What is a Career Portfolio?
The original portfolio used by artists looking for work was simply a collection of works demonstrative of the artists style and ability. Because their works varied in size and shape, portfolios came in all sizes and shapes. Fashion designers would lug a box of their clothing and accessory designs from interview to interview hoping for the big break. Potential employers or commission agents could view the art or garments and decide if applicants were likely to be able to paint or design what they had in mind. In more recent days, people such as architects, whose work has a personal dimension, carried rolls of drawings and photographs to interviews.
Now others have realised the potential of portfolios and jumped onto the bandwagon, but with electronic and physical portfolios.

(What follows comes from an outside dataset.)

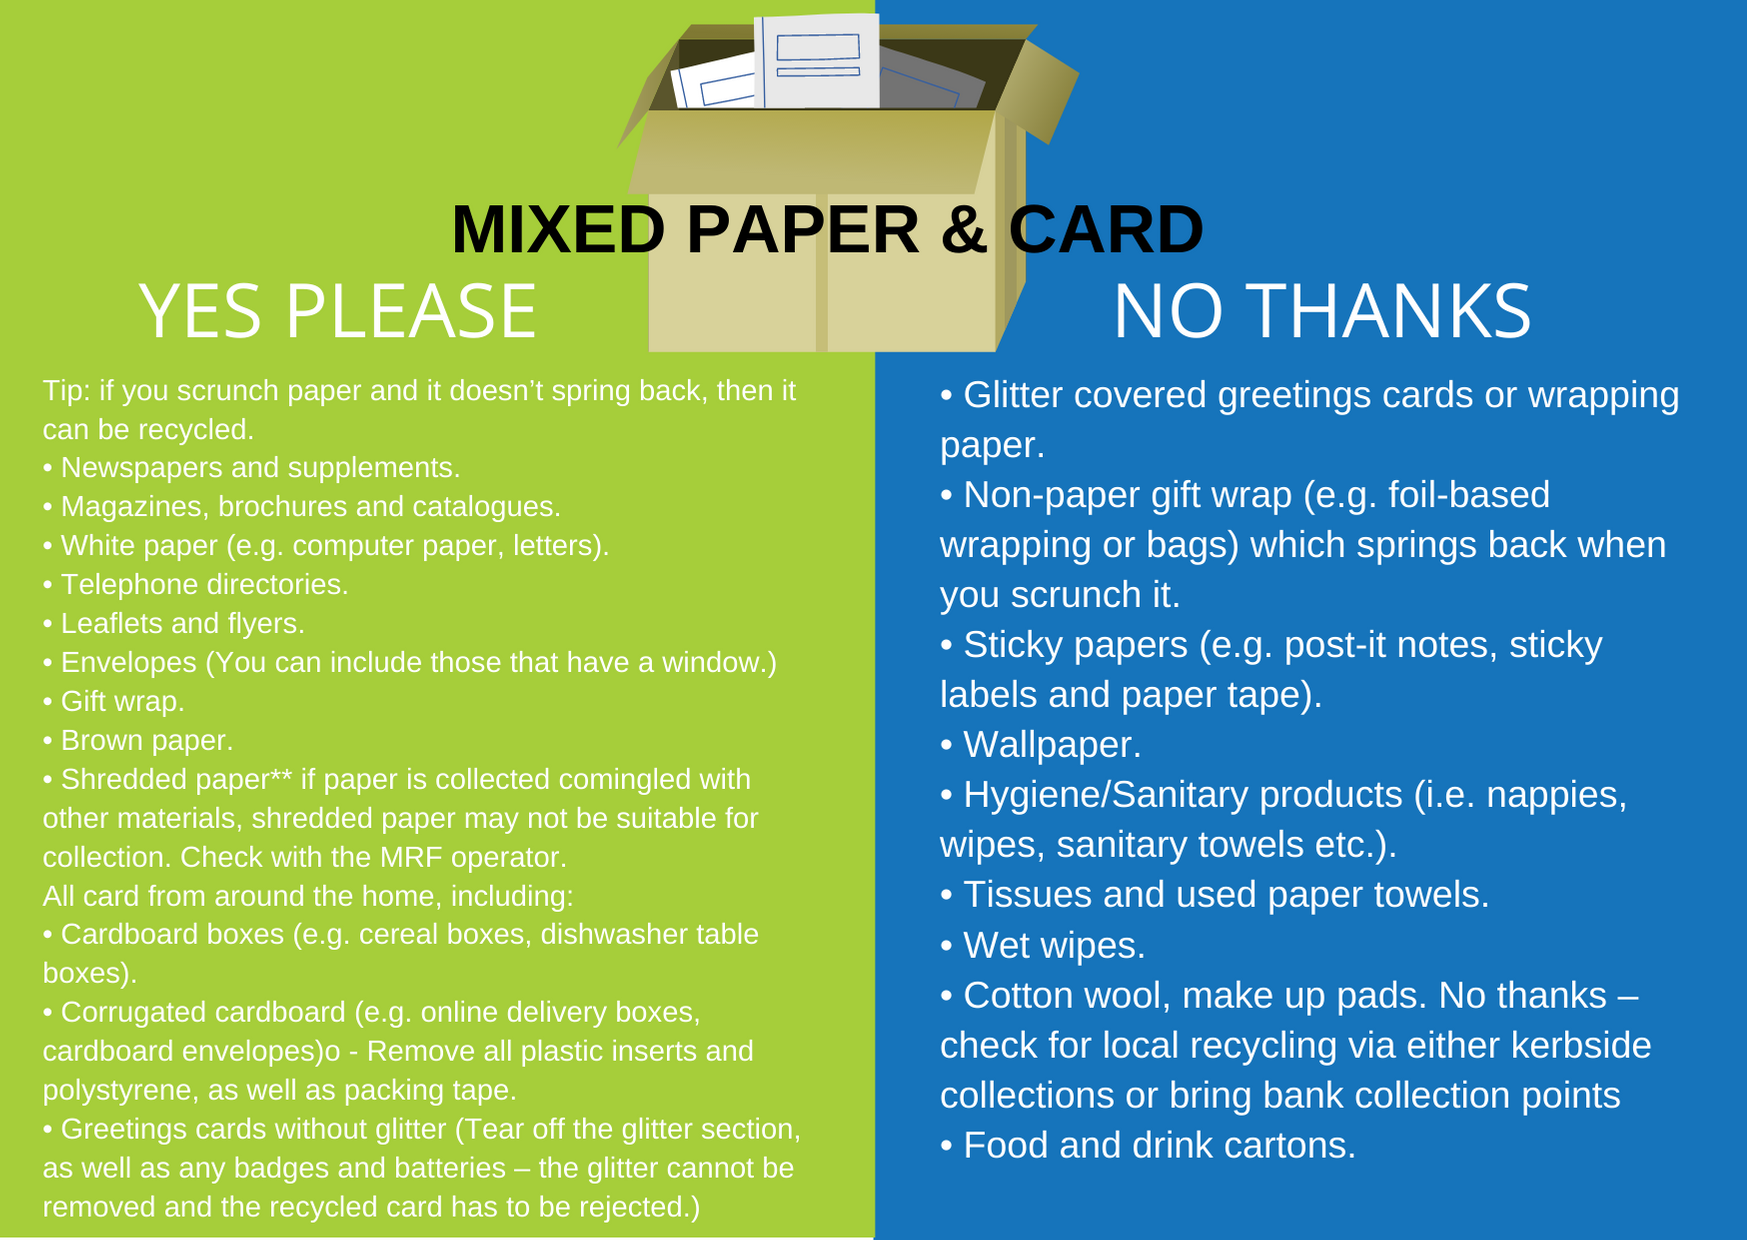 What MIXED paper and card can i recycle

A portfolio is, according to a dictionary, „A portable case for holding material, such as loose papers, photographs, or drawings. The materials collected in such a case, especially when representative of a person’s work: a photographer’s portfolio; an artist’s portfolio of drawings.”
A reworked definition could perhaps refer to a portfolio as, „a collection of evidence, nicely presented, that job applicants show prospective employers to help present their case.” It might also be an online or electronic portfolio. But whatever we call it, it differs from a Curriculum Vitae or Resume.

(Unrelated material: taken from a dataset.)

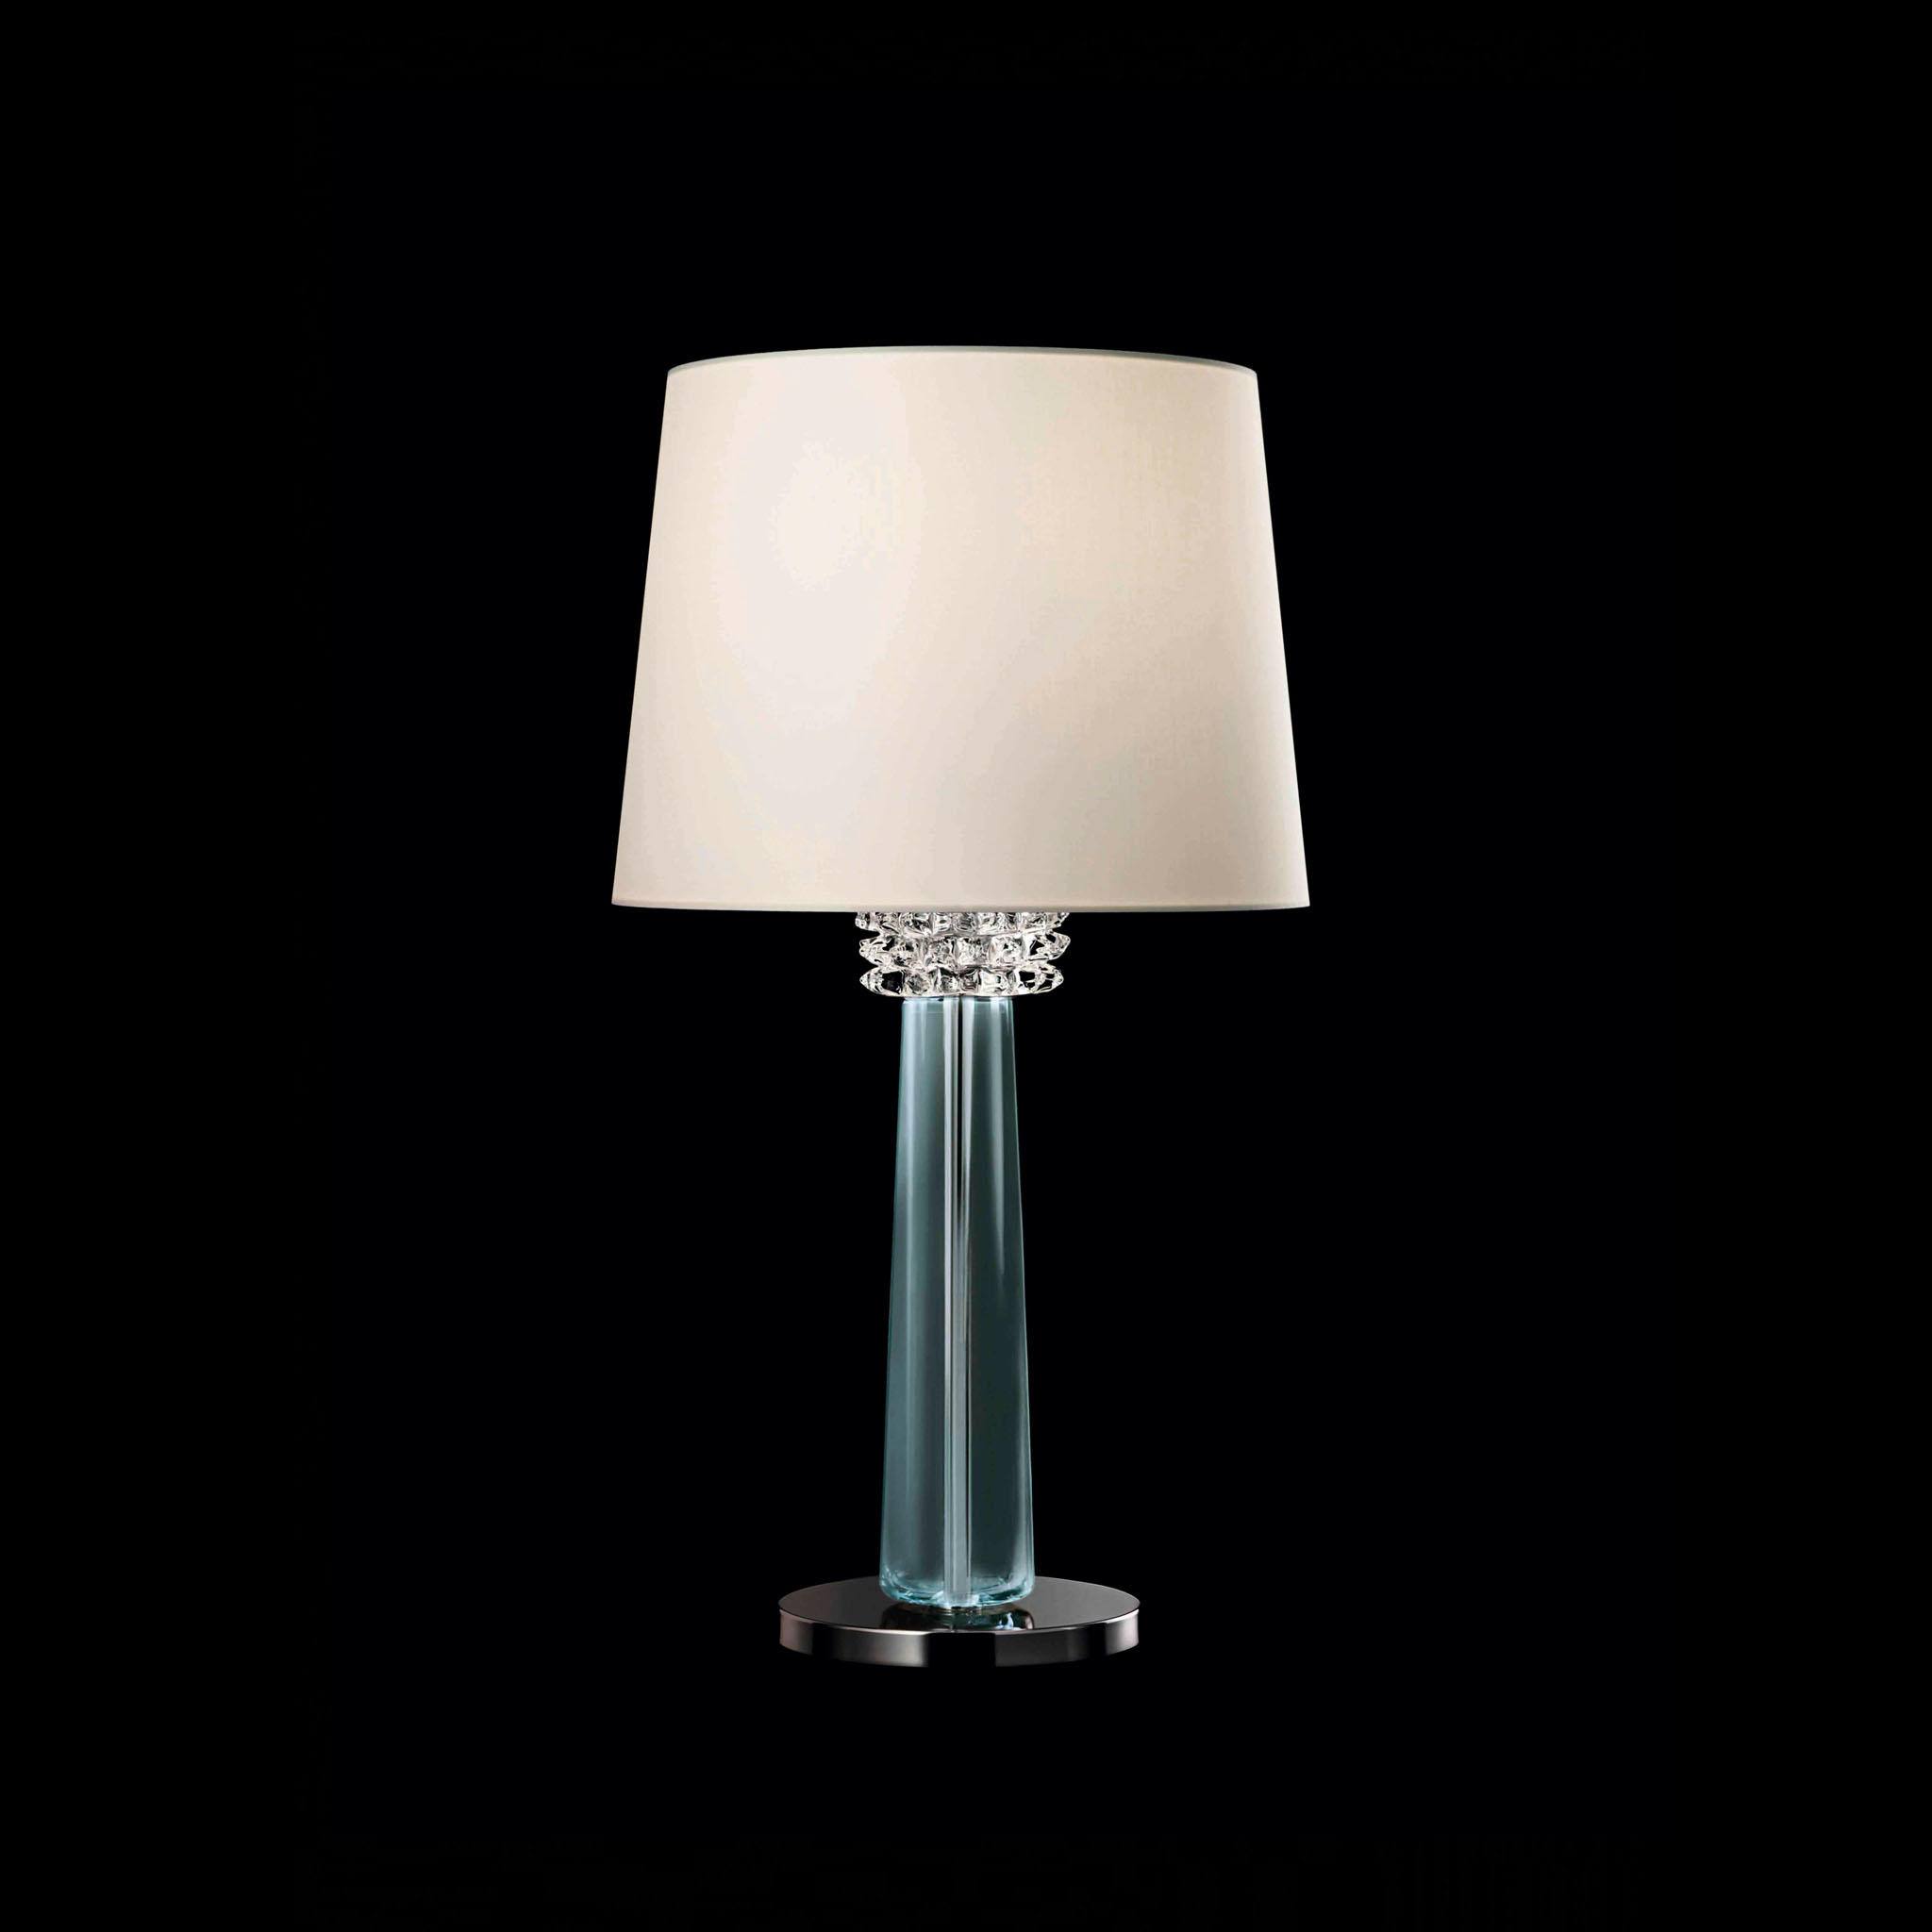 Amsterdam Table Lamp_Barovier&Toso_01

Differences between a Portfolio and a Resume
While a resume presents a summary of a job seekers qualifications, experience and special attainments etc, it doesn’t necessarily contain verifiable evidence. This verifiability of evidence has become a challenge for HR professionals as the number of false claims to teriary qualifications and experience increase. A portfolio contains original documentation and certification from appropriate authorities and is therefore less likely to be fraudulent.
This is a great benefit both to the recruiting people and job applicants.